Так выглядело, как правило, начало – а дальше? Сильно разочарую тут тех, кто хотел бы узнать о программах и концепциях, с какими меня знакомили. Ничего такого не было. И вовсе не по причине сугубой осторожности. Всё это было так давно, что, руководствуясь заявленным принципом полной искренности, я мог бы, изменив некоторые обстоятельства, дать вам понять, что кое о чем слышал. Но не дам, поскольку не слышал. Честное слово. Никогда от таких встреч не пахло конспирацией, здесь не возникали очертания каких-либо организаций. Звучали только свободные русские слова – типичный разговор интеллигентов. Кружила та «пара мыслей, что совсем не новы», как говорил наш Норвид. Новым – для меня, пришельца – было само насыщение этих дружеских встреч беседами серьезного содержания. Возможно, это означало лишь, что в Польше я оказался не в лучшем окружении (действительно, после ухода из СТС мне не хватало собеседников для доверительного разговора). Но факт, что там, где я пребывал, за столом шла только легкая светская болтовня, более всего ценились сплетни и анекдоты. Тут обнаружился мой прирожденный дефект: на меня всё это нагоняло смертельную скуку, около одиннадцати я мечтал о том, чтобы отправиться спать, столь очевидным для всех образом, что становился объектом постоянных шуток окружающих. Здесь же, в России, я ходил из дома в дом, засиживаясь до трех-четырех часов утра без малейших признаков сонливости.

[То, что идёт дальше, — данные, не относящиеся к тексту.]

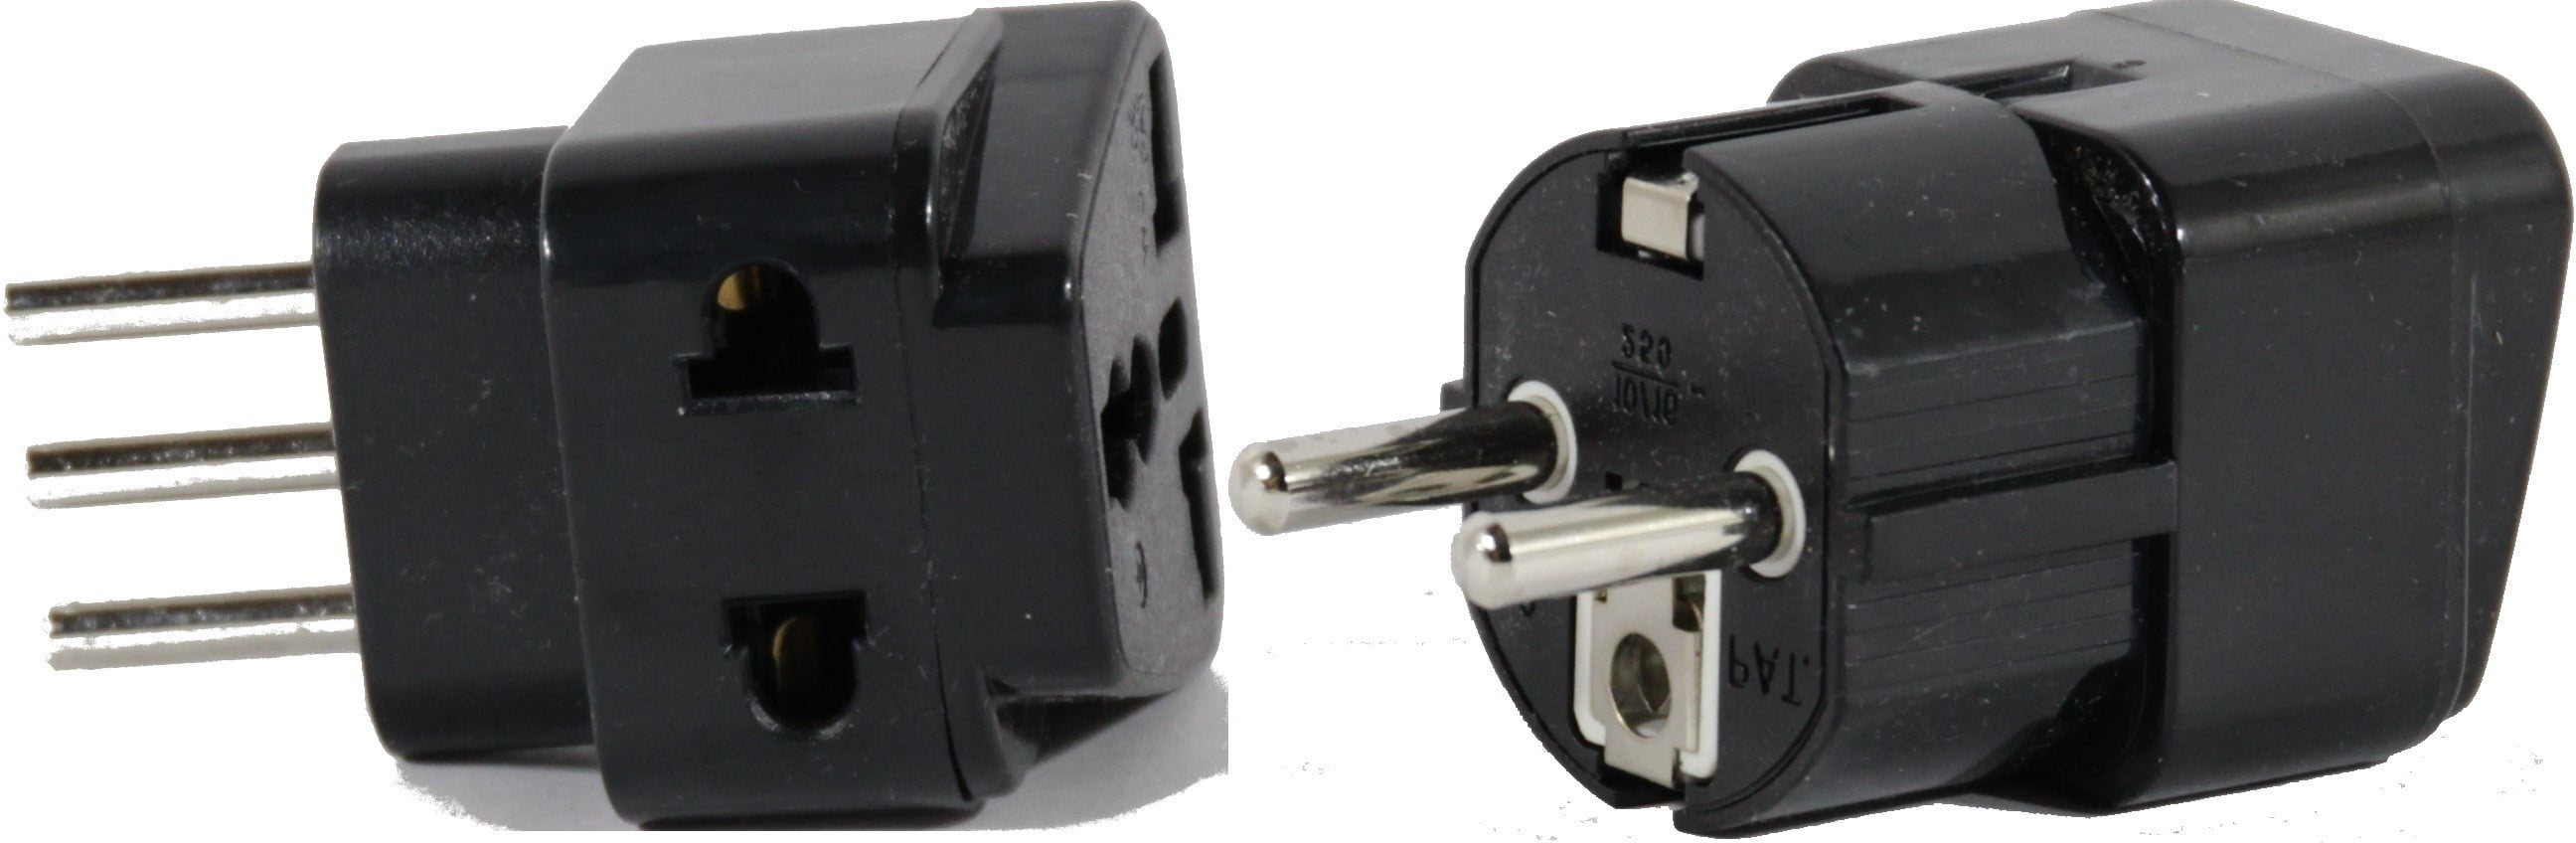 universal travel adapter for italy

Суть этих разговоров, их атмосфера, аромат? К сожалению, этого не передать словами. Абсолютно искренние, с полным доверием к собеседнику и с готовностью выслушать его. Рассказы о собственной судьбе и судьбах других, перед которыми блекла любая литература. Объяснения, кто есть кто на самом деле и кем был в прошлую эпоху. Споры о будущем России. Вопросы о Польше, включая почти обязательный, задаваемый обычно в самом начале и звучащий с оттенком грусти и затаенной надежды: «А поляки очень нас ненавидят?». Проблемы жизни и механизмы деятельности писательской организации. Свежие остроты и частушки. (Анекдоты ходили тогда целыми сериями. Великолепен был юбилейный цикл по случаю столетия Ленина – спонтанная реакция на развязанную властями оргию «новояза»). В соответствии с давними русскими обычаями, здесь и там читали и декламировали собственные стихи и короткую прозу. Это были, как правило, вещи, которые я встречал позднее в журналах и книгах, но индивидуальная авторская экспрессия придавала им особое звучание. До сего дня звучат в моих ушах большие куски «Сказки о дожде», пропетые Беллой Ахмадулиной словно адресованная небу и бесконечная кантата; полный беспокойства глубокий голос Юнны Мориц : «Мама – ласточка» Мама – синичка!», хриплые интонации Дэзика Самойлова в «Анне, Пестеле и поэте»». Случались встречи с бардами, а это было невообразимо обширное племя, тогда долгими ночными часами продолжались целые гитарные турниры – песня на песню и еще раз песня. Потом в моей голове кружились пестрые гирлянды текстов с проблесками запавших в память мотивов, которых затем никогда не удавалось отыскать – как, скажем, этот, ни на что не похожий, песенки о трупе со свирелью:

Мертвец играл на дудочке, На дудочке играл. Не мне, а встречной дурочке Он руку целовал… [6]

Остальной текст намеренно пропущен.